James Hill was named as the winner on 24 September.

Austin Armacost returned to the house for Celebrity Big Brother 19 as an All-Star, representing this series. He was second to be evicted.

==Production==

===Live streaming===
On 14 August 2015, it was revealed that Channel 5 had partially reinstated live streaming from the House. For the first time since 2013, live streaming would air every weekday between midnight and 1am on 5*. Thirty minutes of live streaming will also air on Channel 5 after the live eviction show on Friday, meaning 90 minutes of live streaming will air every Friday.

===Best bits series===
On 20 August 2015, it was revealed that a special six-part best bits series would be airing every Saturday night on 5*. The series will look back at some of the best moments from Celebrity Big Brother history and will feature a range of special guests.

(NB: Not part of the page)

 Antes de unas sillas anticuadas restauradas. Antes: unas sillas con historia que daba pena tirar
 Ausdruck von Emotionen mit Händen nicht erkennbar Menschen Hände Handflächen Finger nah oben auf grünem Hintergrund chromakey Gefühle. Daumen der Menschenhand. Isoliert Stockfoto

Each episode would have its own topic, the first being "Heroes vs Villains", with the second being "Flirty Friendships and more". The series began on 29 August 2015.

===Bit on the Side===
Channel 5 confirmed on 31 July 2015 that Big Brother's Bit on the Side would be airing seven nights a week for the first time since 2014. The weekday episodes will air on Channel 5, with the weekend episodes airing on 5*.

===Teasers===
The first five-second teaser for Celebrity Big Brother aired on 31 July 2015 confirming the theme UK v USA. Channel 5 later revealed the full length advert on 7 August 2015. The advert featured hosts Emma Willis and Rylan Clark.

===Sponsorship===
Lucozade returns to sponsor Celebrity Big Brother after previously sponsoring Big Brother 16 earlier in the year.

===House===
The house was redecorated following the sixteenth civilian series. The house was decorated with British and American iconography to suit the UK v USA theme. House pictures were officially revealed on 23 August 2015.

==Housemates==

On Day 1, twelve Housemates entered the House. On Day 2, a further two Housemates entered.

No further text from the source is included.